TASK ITEM: Starting at the first line of the records and stopping at the line that contains "Six Google tricks - just for fun", transcribe every line exactly and leave out the pictures.

EXTRACTED INFORMATION:

+++

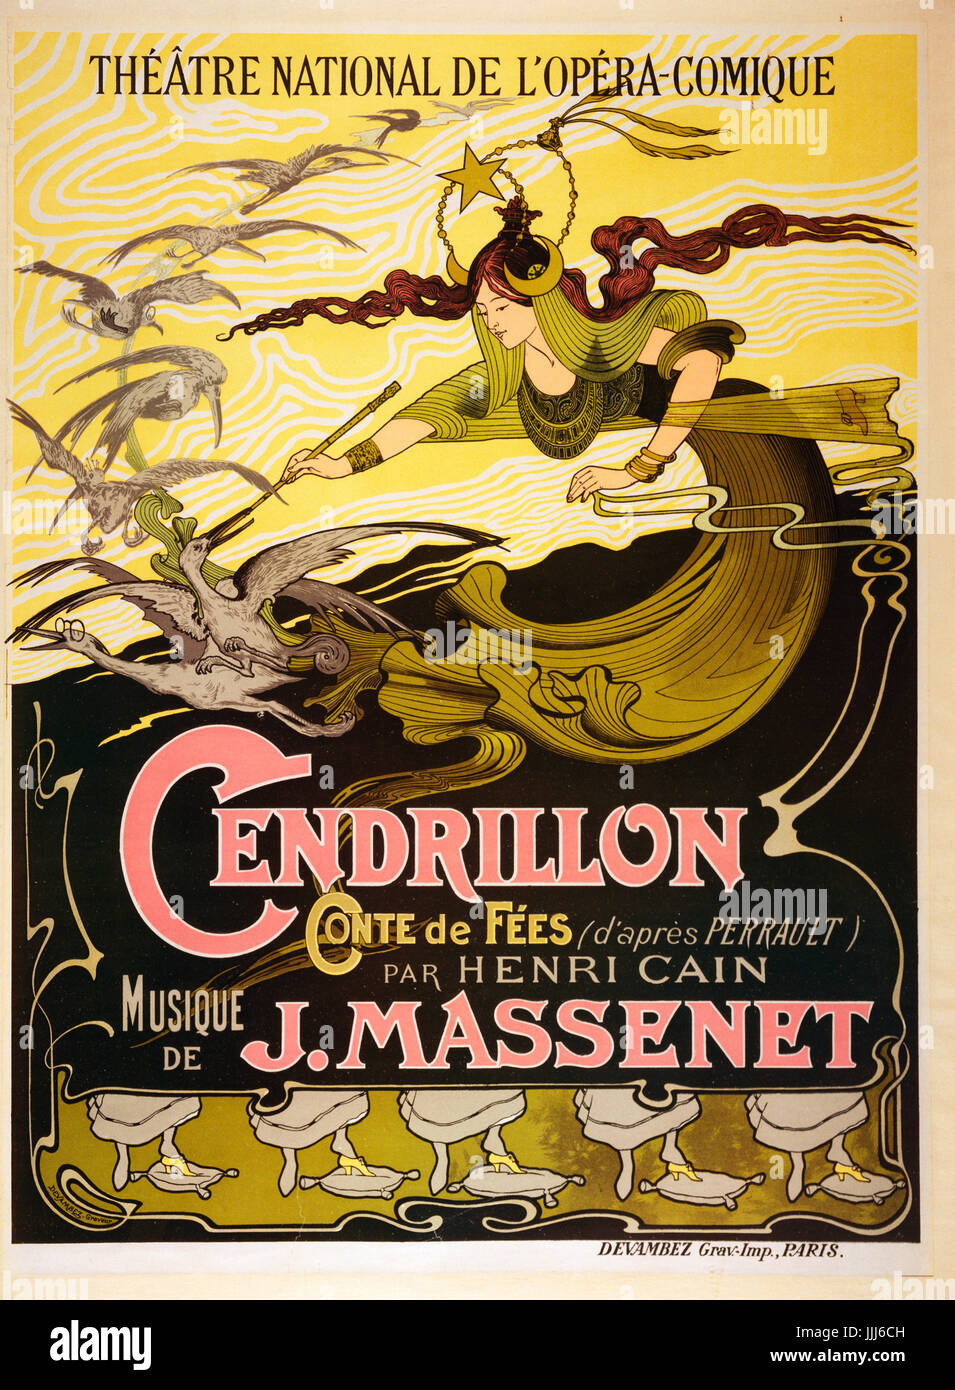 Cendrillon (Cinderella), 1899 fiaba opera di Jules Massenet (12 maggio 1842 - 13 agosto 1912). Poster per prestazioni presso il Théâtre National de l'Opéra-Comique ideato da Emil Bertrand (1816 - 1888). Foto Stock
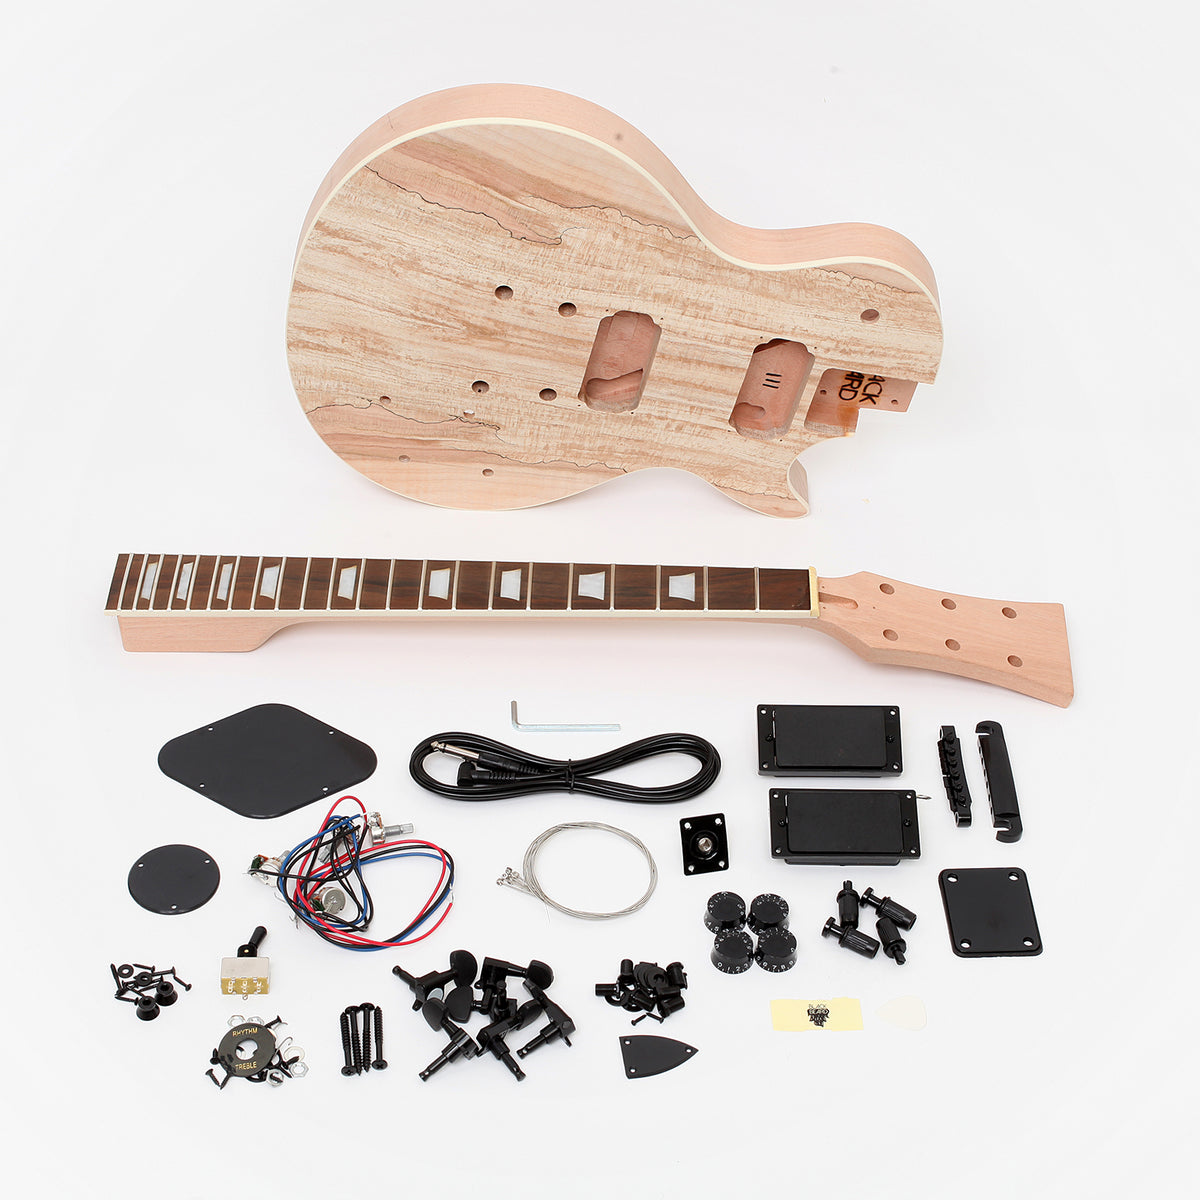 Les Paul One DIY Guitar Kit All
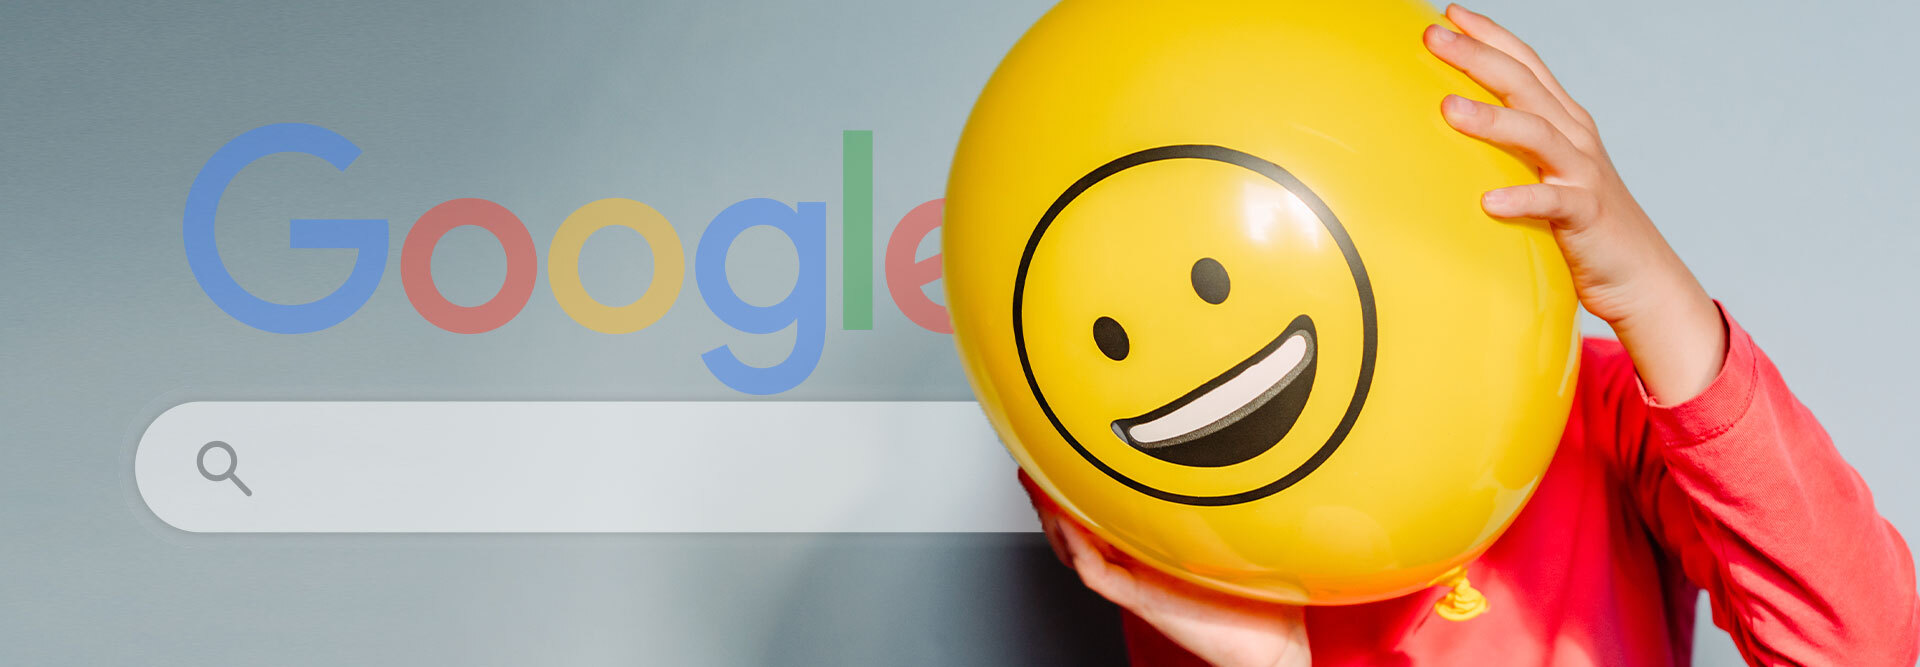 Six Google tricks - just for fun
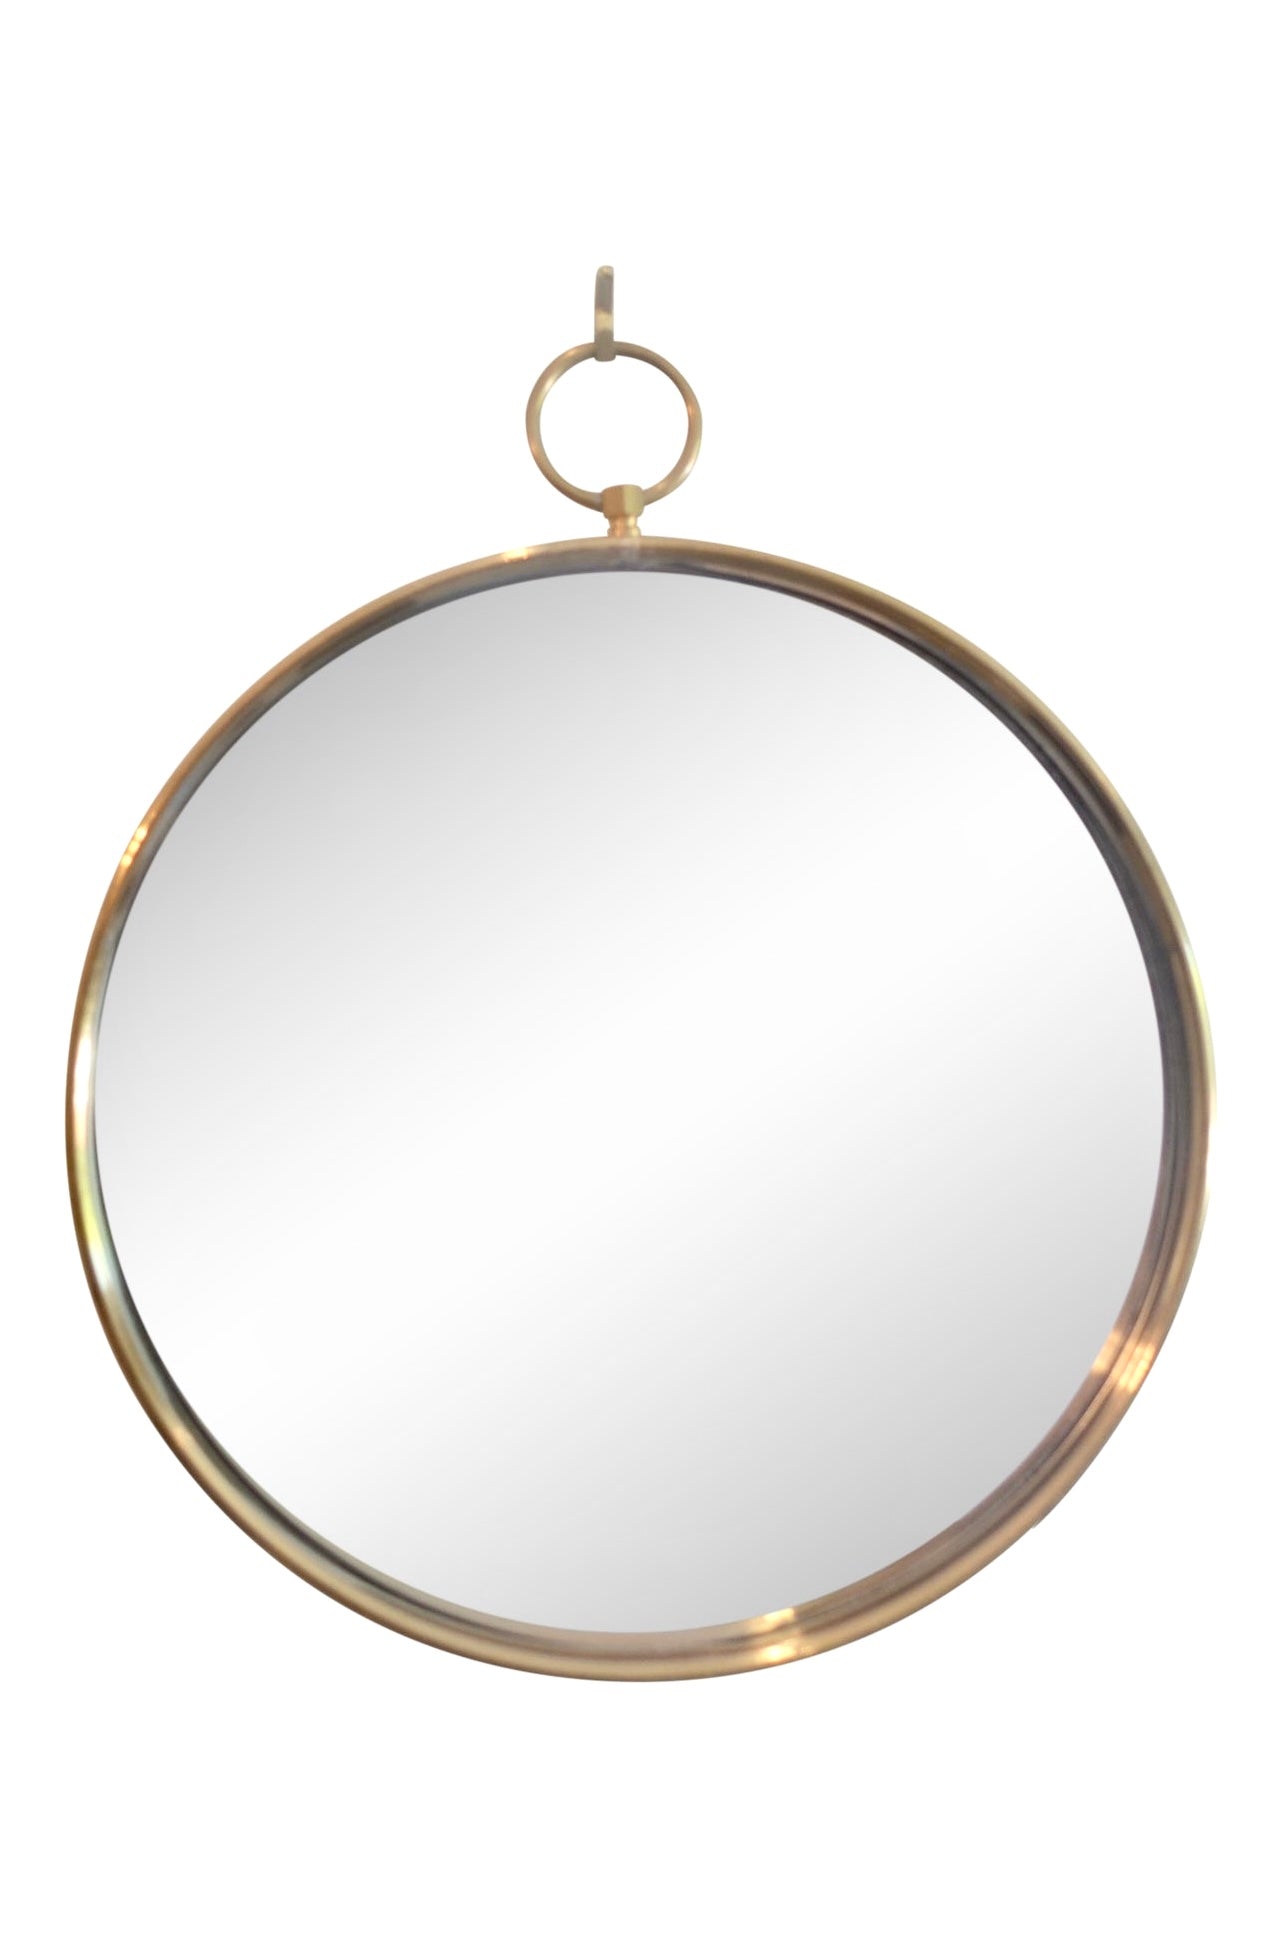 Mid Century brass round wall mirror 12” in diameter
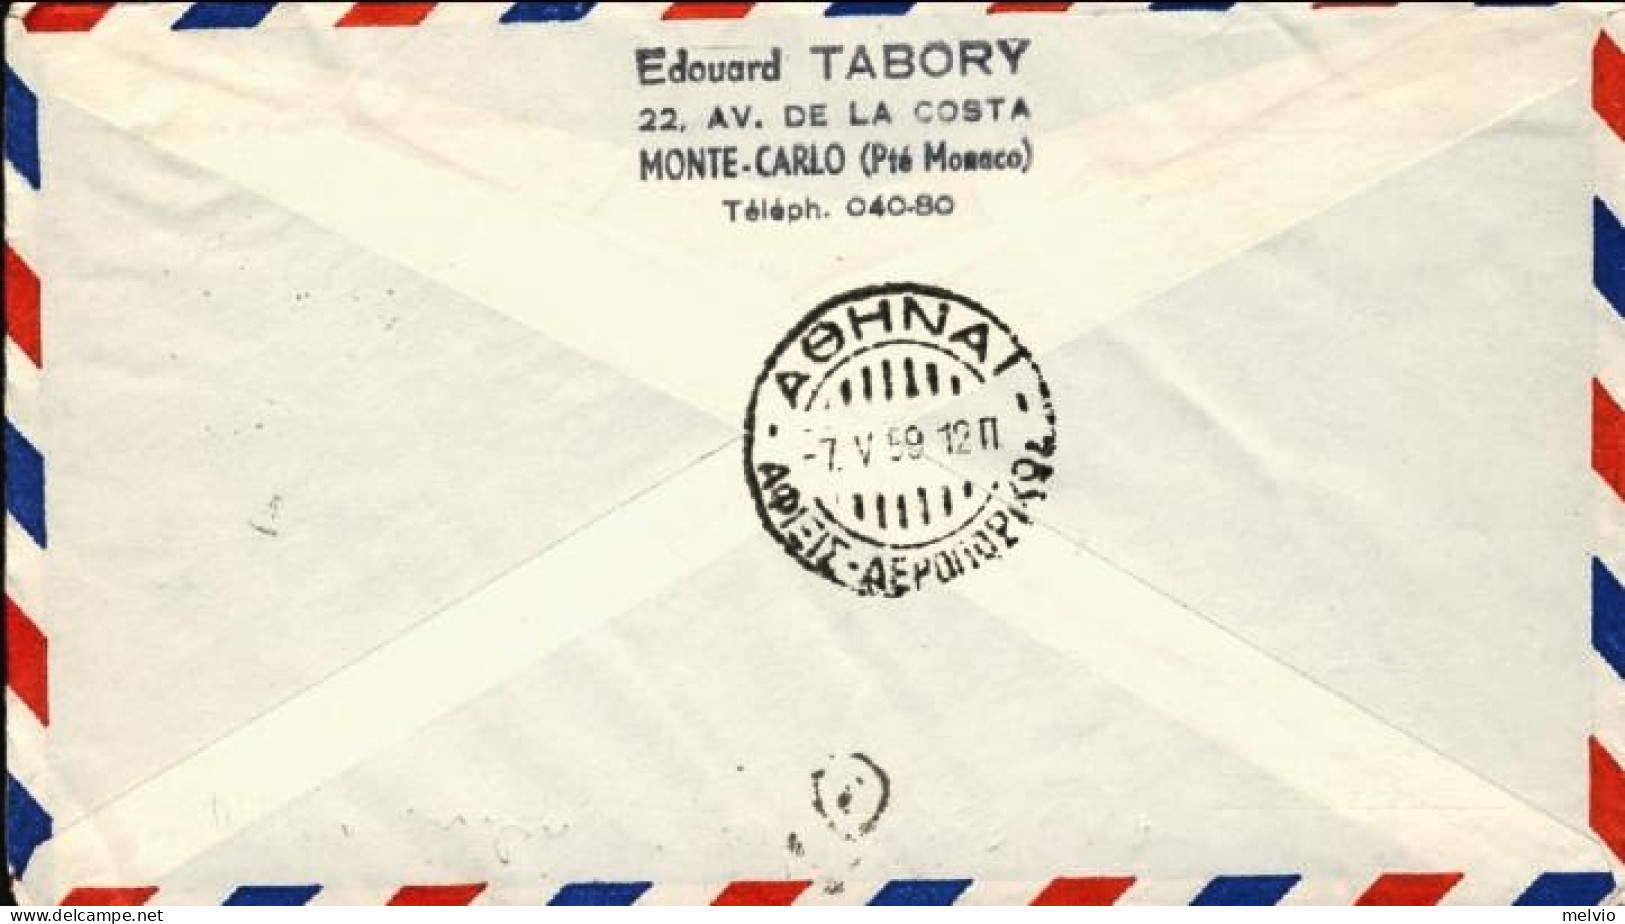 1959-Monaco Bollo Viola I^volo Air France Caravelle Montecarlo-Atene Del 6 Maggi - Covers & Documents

+++

REPLY:
 Cendrillon (Cinderella), 1899 fiaba opera di Jules Massenet (12 maggio 1842 - 13 agosto 1912). Poster per prestazioni presso il Théâtre National de l'Opéra-Comique ideato da Emil Bertrand (1816 - 1888). Foto Stock
 Les Paul One DIY Guitar Kit All
 Six Google tricks - just for fun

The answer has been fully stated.